In-house counsel need lawyers with initiative who anticipate problems and create solutions ahead of time. If there are tax liabilities that may arise from a transaction, for example, in-house counsel want their externals to have their tax department ready to show the implications and alternative options available. “That is what I was missing and it is not something that lawyers were used to – traditionally they only worked on the aspects of the matter that they were specifically asked to consider,” explains Segimón at CBRE Global Investors. “But with small internal resources and transactions that have multiple legal aspects to consider, we now ask that our externals consider themselves as part of the team and take responsibility for the transaction as a whole. And I must confess that once we tell them how we expect them to work for us, the reaction is very positive.”
Partner involvement was another focal point. Clients want their matters to be dealt with at senior level, not using juniors just so they can lower fees. “If there is less senior level involvement in-house counsel will find out about it – they will see through it,” says Santos Vítor at PLMJ. “This is a warning to what we have seen happening in other law firms that fight on price and deliver the work through junior lawyers to keep profitability – clients notice and react to that.”

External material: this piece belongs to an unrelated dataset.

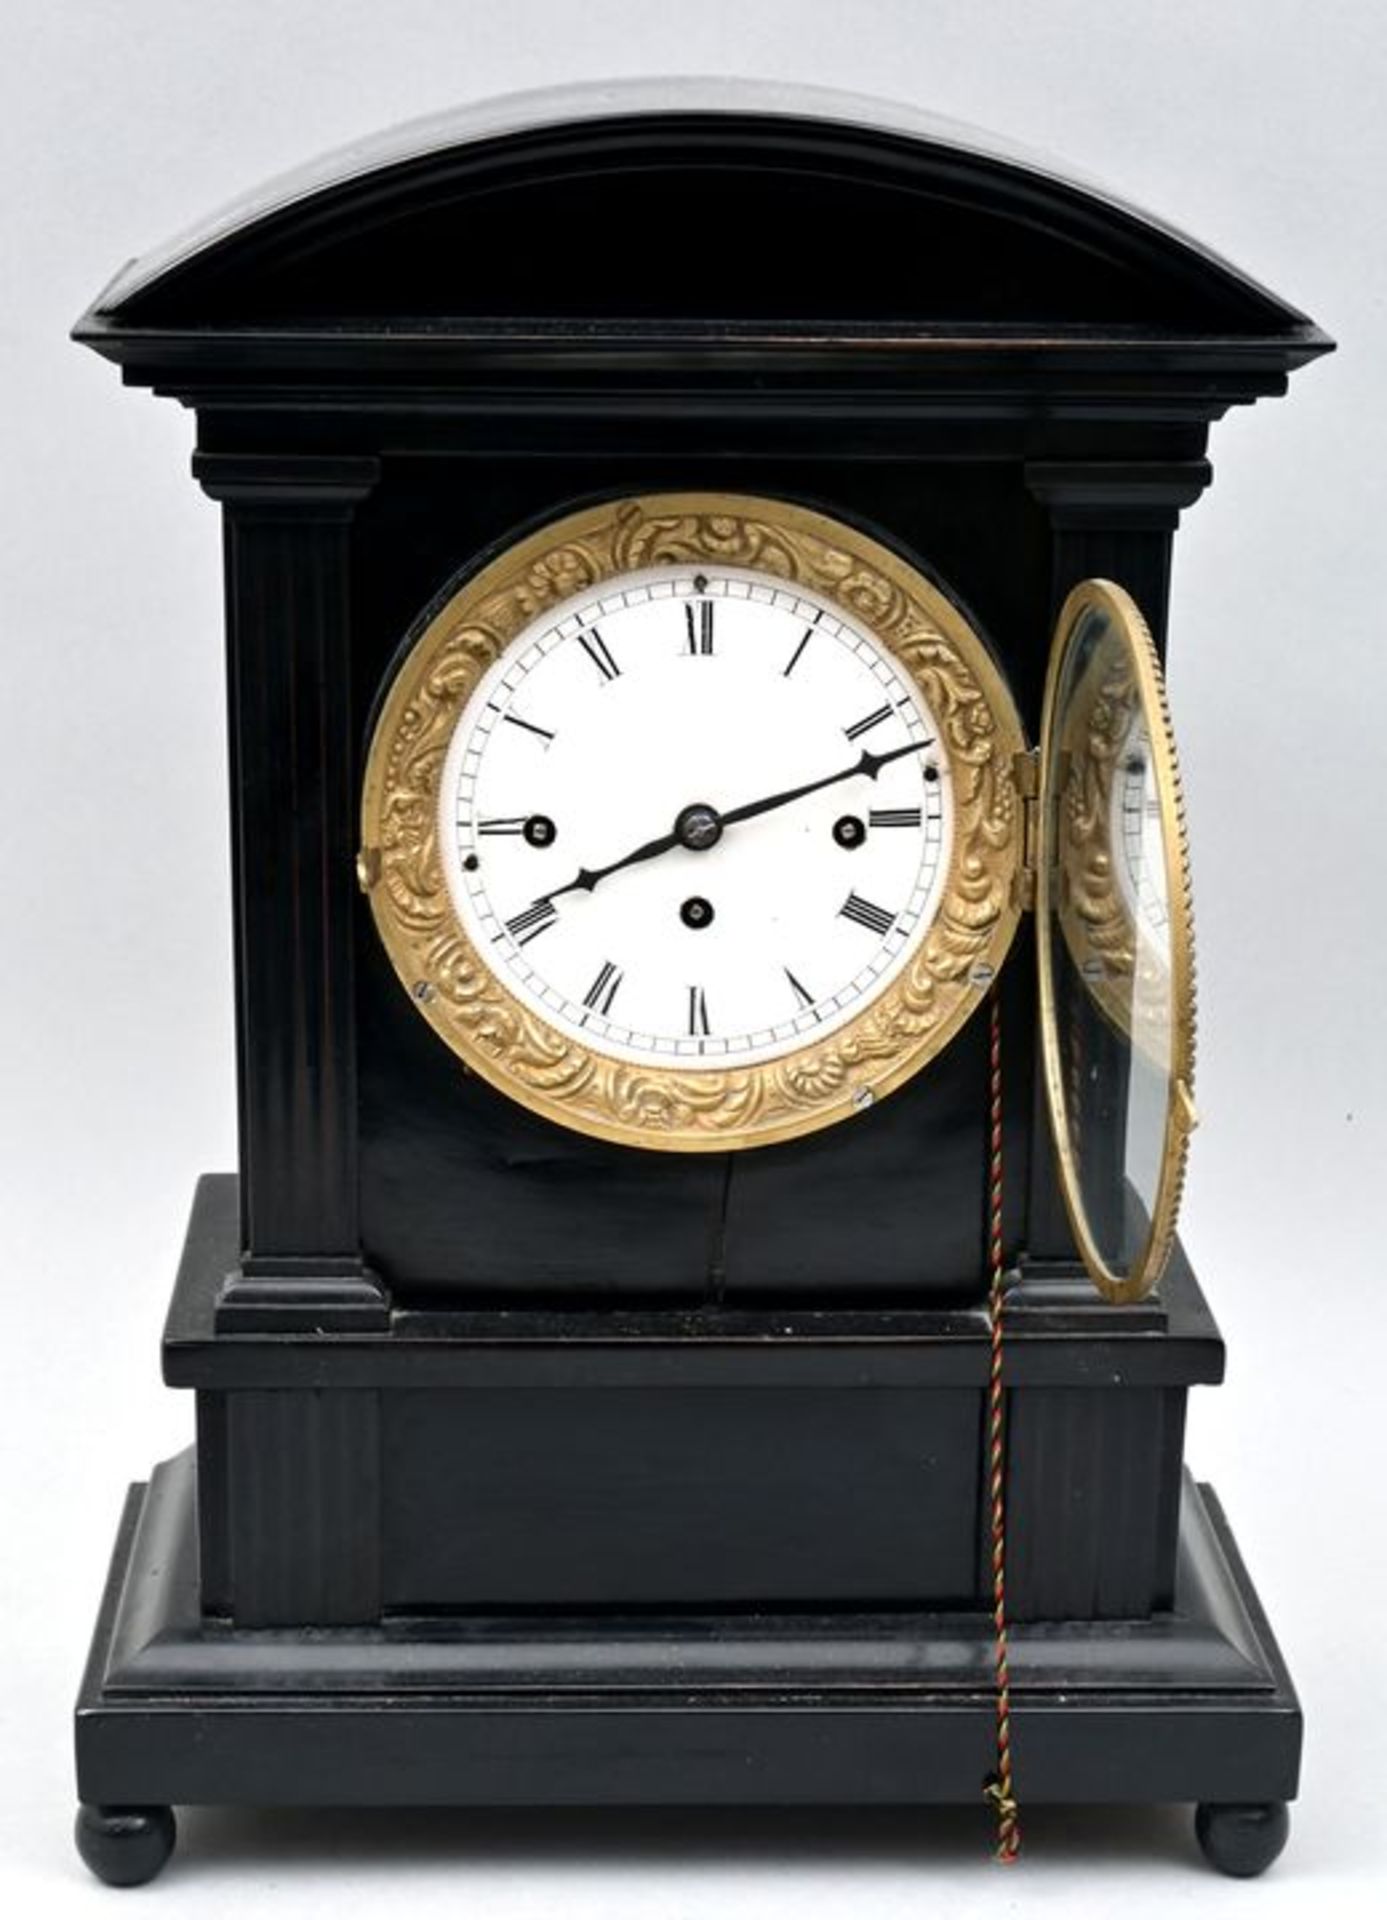 Stockuhr / Bracket clock - Bild 2 aus 7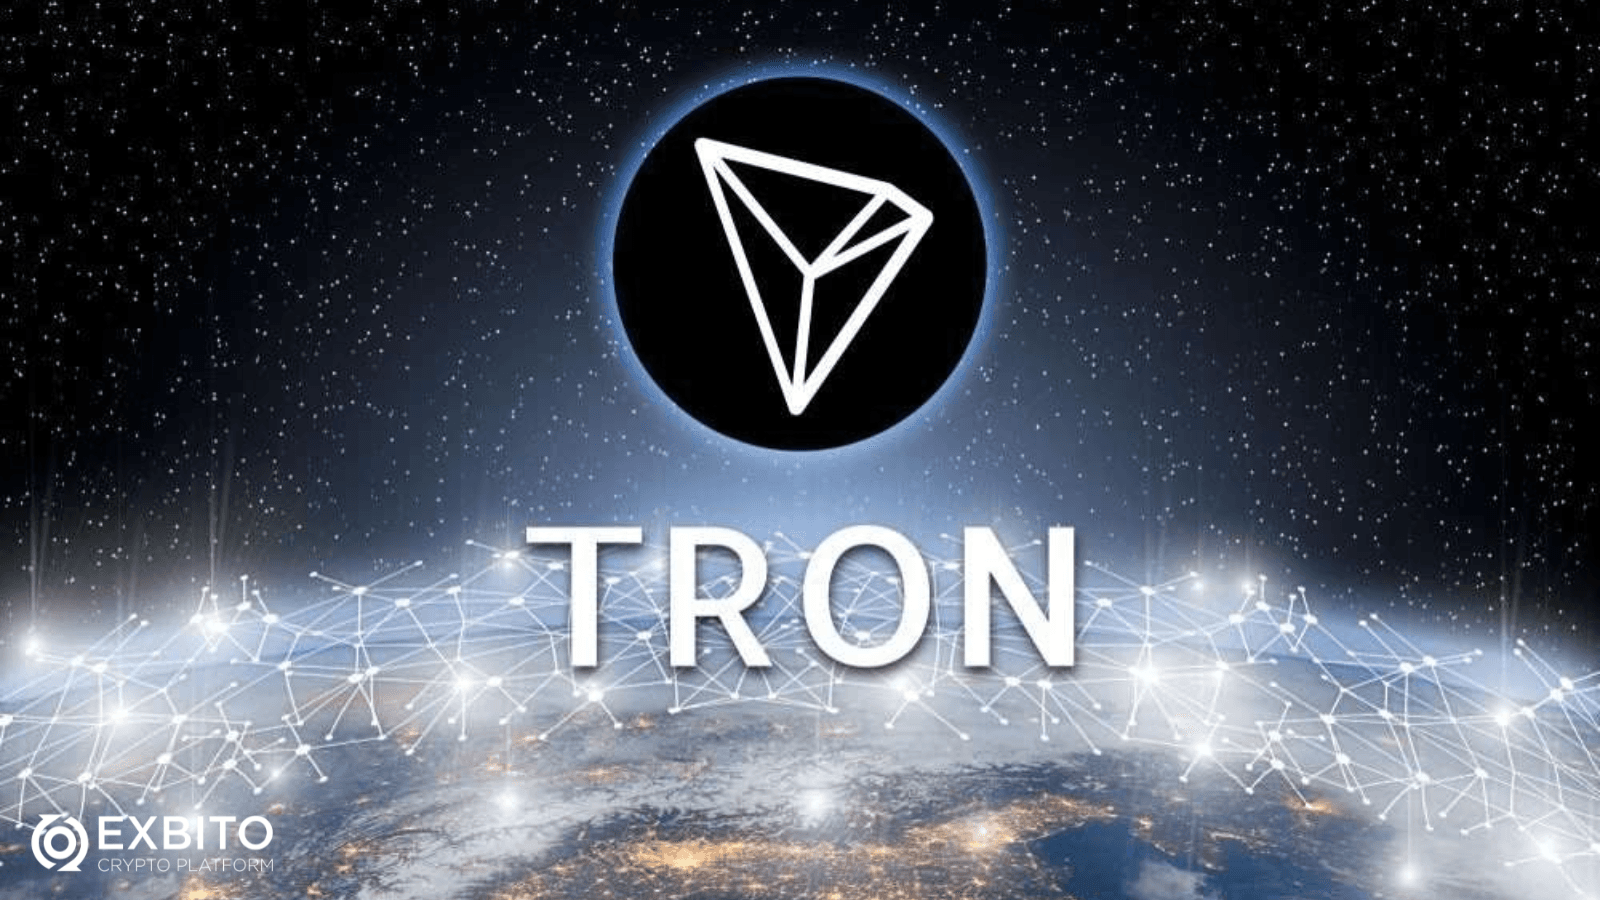 شبکه انتقال ترون (Tron)

In-house counsel also react to a post-transaction conversation – especially if the law firms are proactive in asking for feedback. “After complex deals have closed, the lack of time doesn’t always make it easy, but I try to implement a ‘post-mortem’ meeting with the external lawyers that advised the transaction,” says García-González at Banco Santander. “It serves to share views on how the deal went, things that went well and things that could be improved for next time.”

Vision for the future
While some say that the ‘good days are back’ and are talking double digit growth – others feel that the Iberian Market is being a little too optimistic too early. “I am sceptical about these figures,” says Guerra at Deloitte Abogados. “If we forget where are and what we have been through over the past four years we may repeat previous mistakes – if we relax, that’s when we will be lost.”
But if you are a good lawyer, you will always have opportunities and visibility in the market, adds Gracia at Ashurst. “But these days only those who are remarkable in providing services have the opportunity to succeed.”
Law firms need to be reinventing themselves every day, anticipating both the competition as well as the ever-changing needs of their clients. As the market segments and consolidates, they need to be clear on their priorities. “While some are playing the game of size, I prefer to play the game of profitability,” says Guerra at Deloitte Abogados, “by choosing the right people and providing the right services at a price that reflects the quality.”
The ability to change is key – what law firms did yesterday is not going to be what they do tomorrow. They must therefore seriously listen what it is their clients now need and adapt their service offerings to keep up with the ongoing evolution of today’s legal market.